Stored data:
★ ★ ★

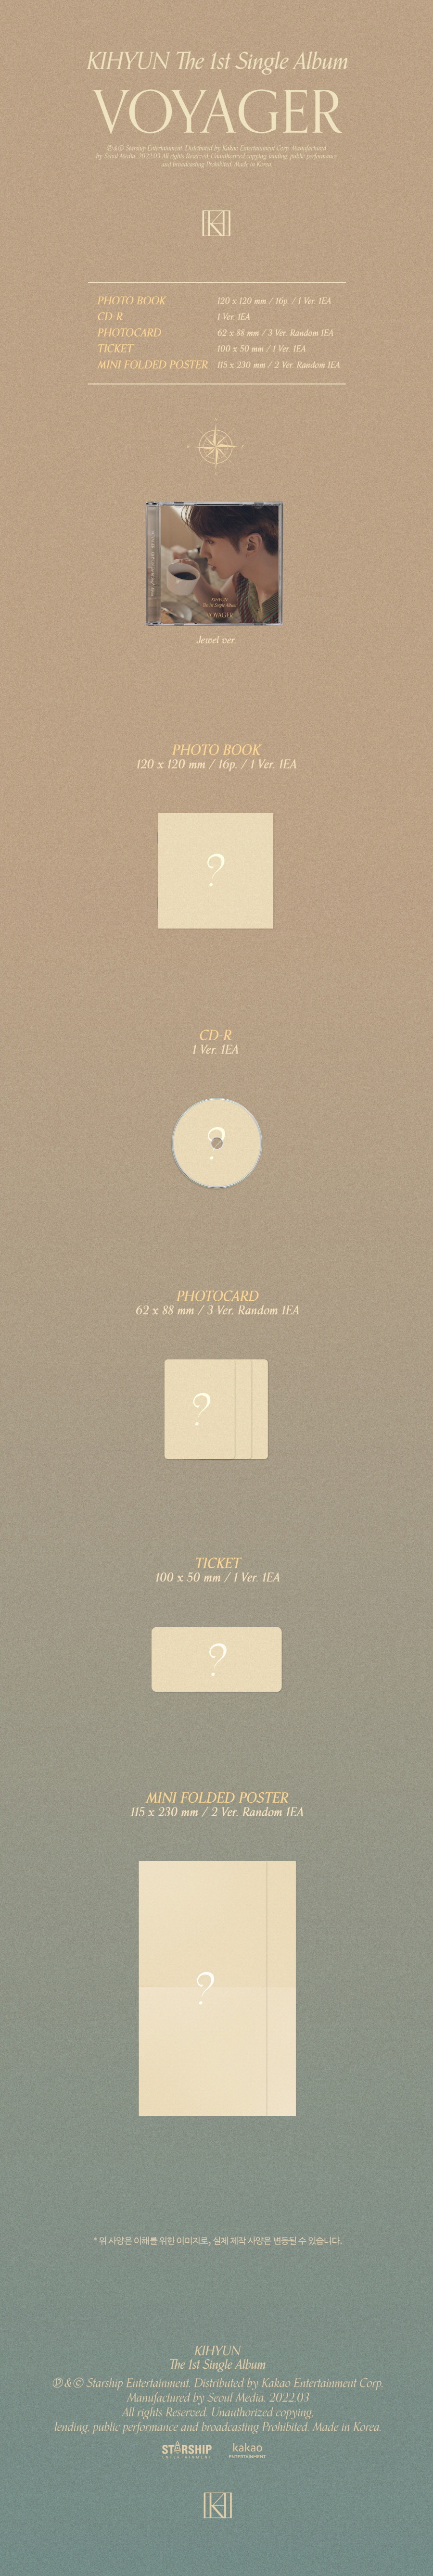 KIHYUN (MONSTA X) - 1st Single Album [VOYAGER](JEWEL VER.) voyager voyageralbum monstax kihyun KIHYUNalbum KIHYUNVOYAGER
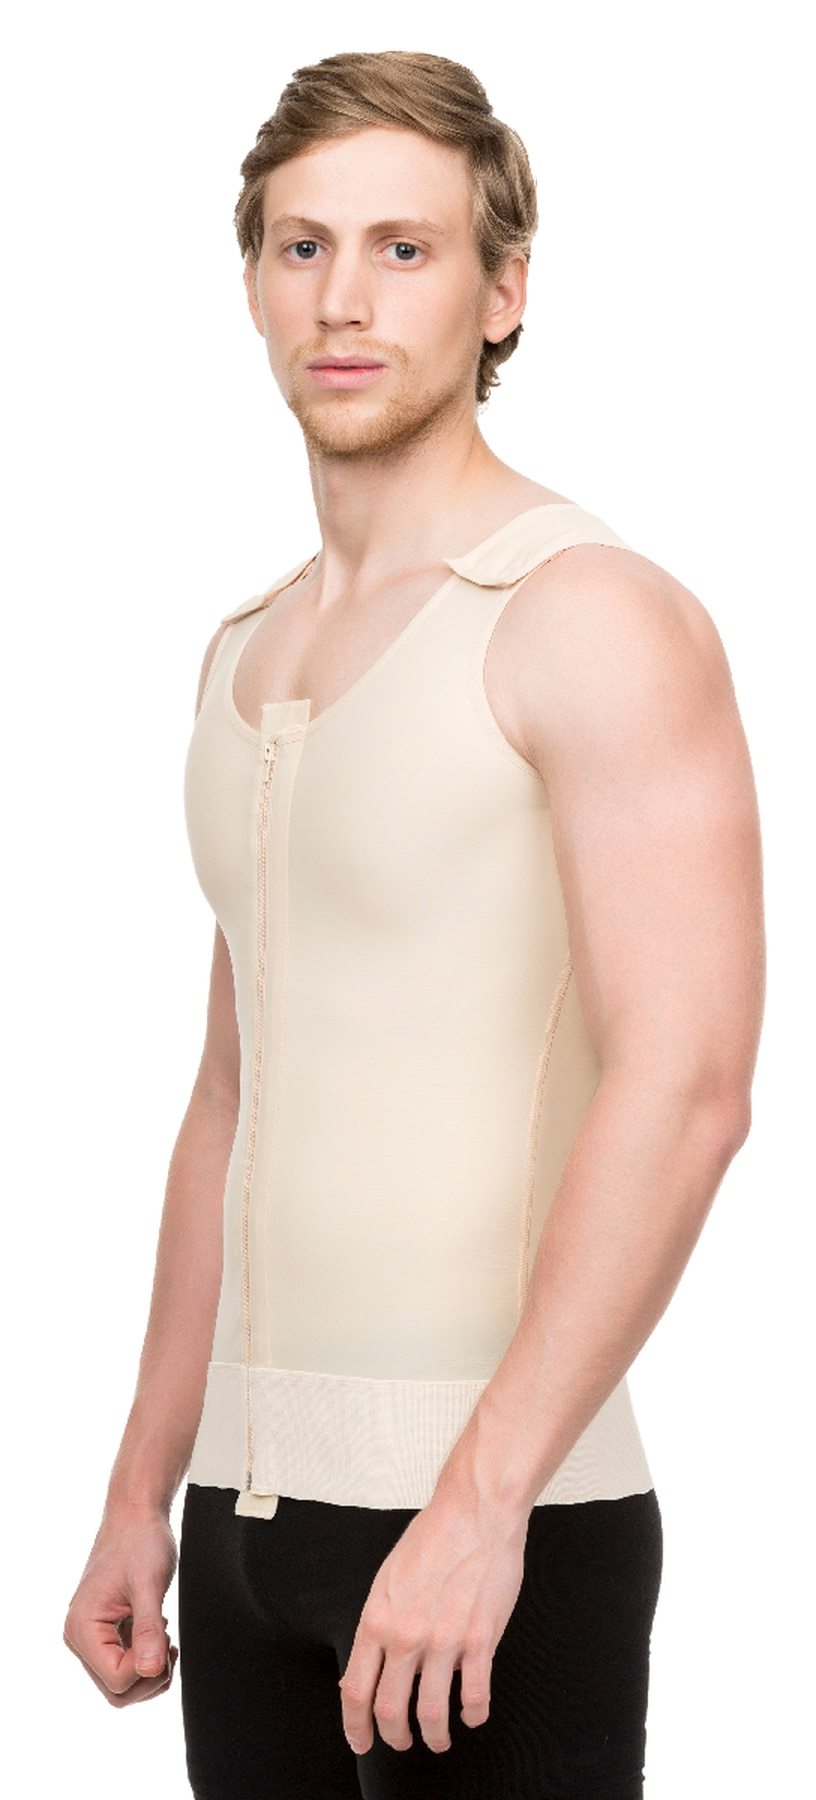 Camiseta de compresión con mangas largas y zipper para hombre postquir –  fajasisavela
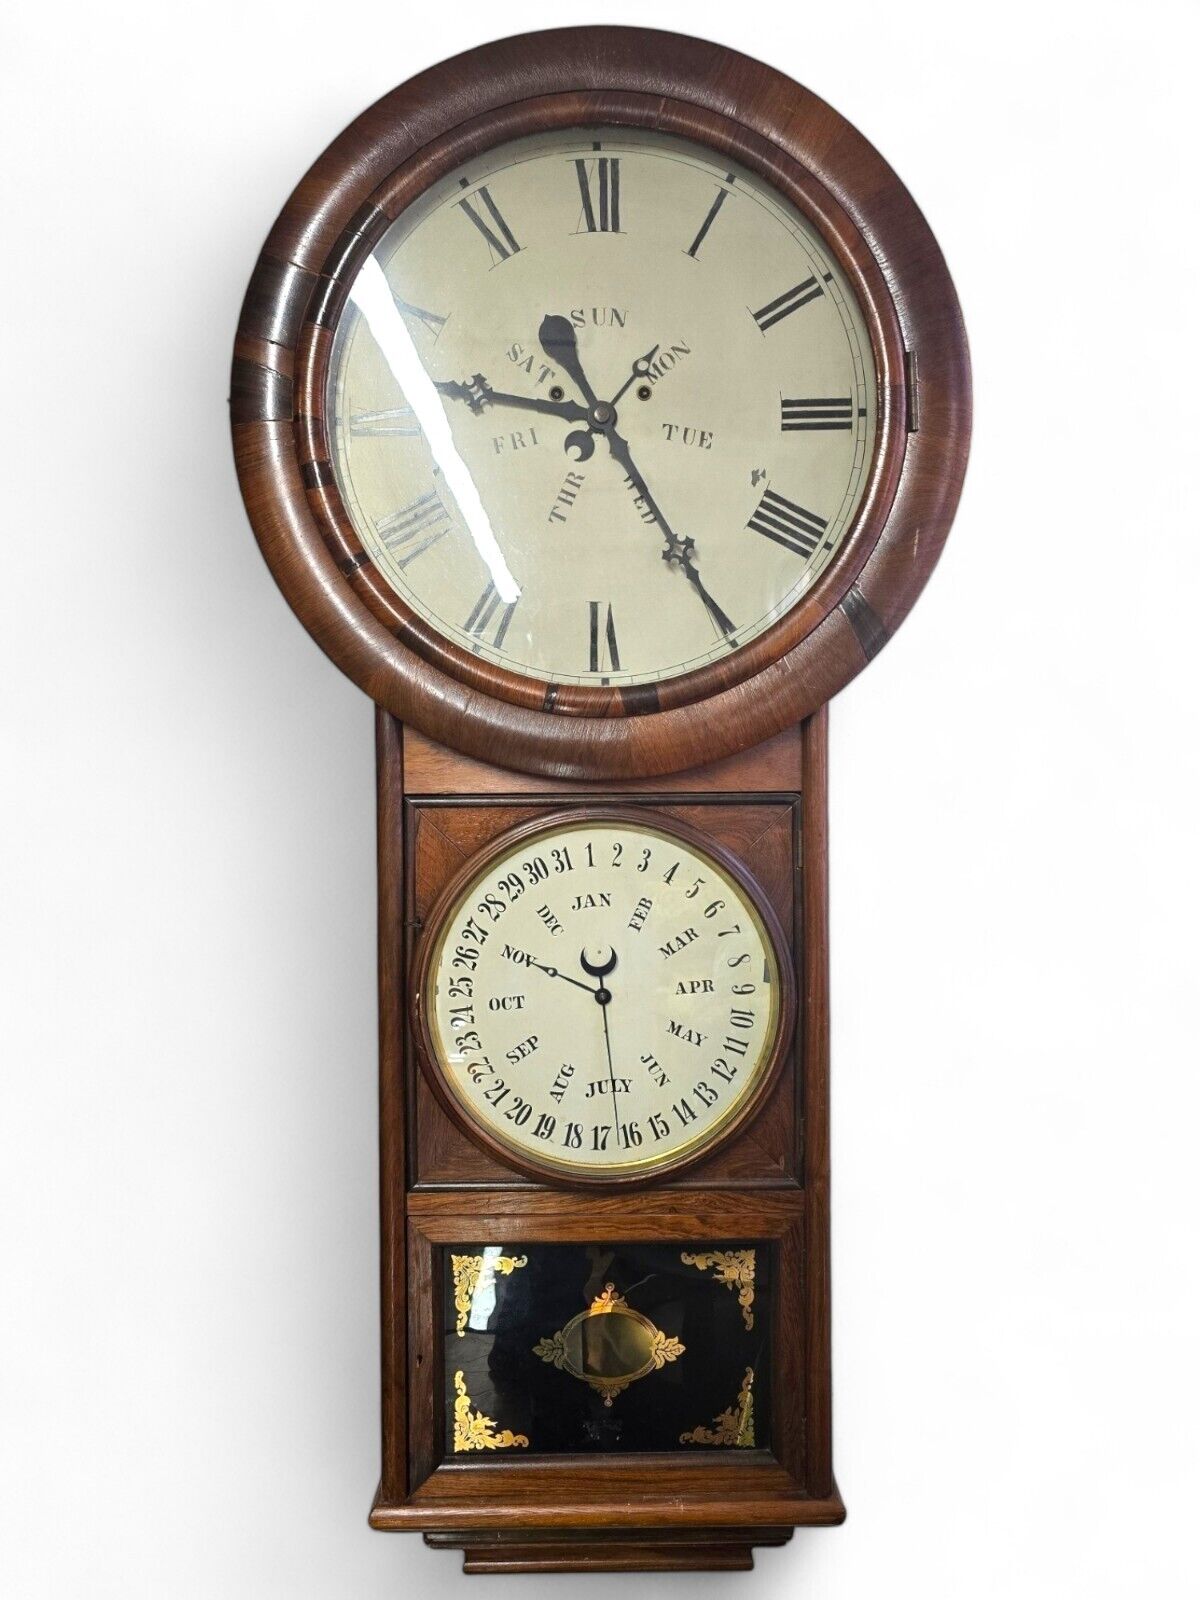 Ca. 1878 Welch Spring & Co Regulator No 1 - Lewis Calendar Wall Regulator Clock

★ ★ ★

Instructions for the task: All of the material should be reproduced exactly, apart from the pictures.

Response box:
 KIHYUN (MONSTA X) - 1st Single Album [VOYAGER](JEWEL VER.) voyager voyageralbum monstax kihyun KIHYUNalbum KIHYUNVOYAGER
 Camiseta de compresión con mangas largas y zipper para hombre postquir –  fajasisavela
 Ca. 1878 Welch Spring & Co Regulator No 1 - Lewis Calendar Wall Regulator Clock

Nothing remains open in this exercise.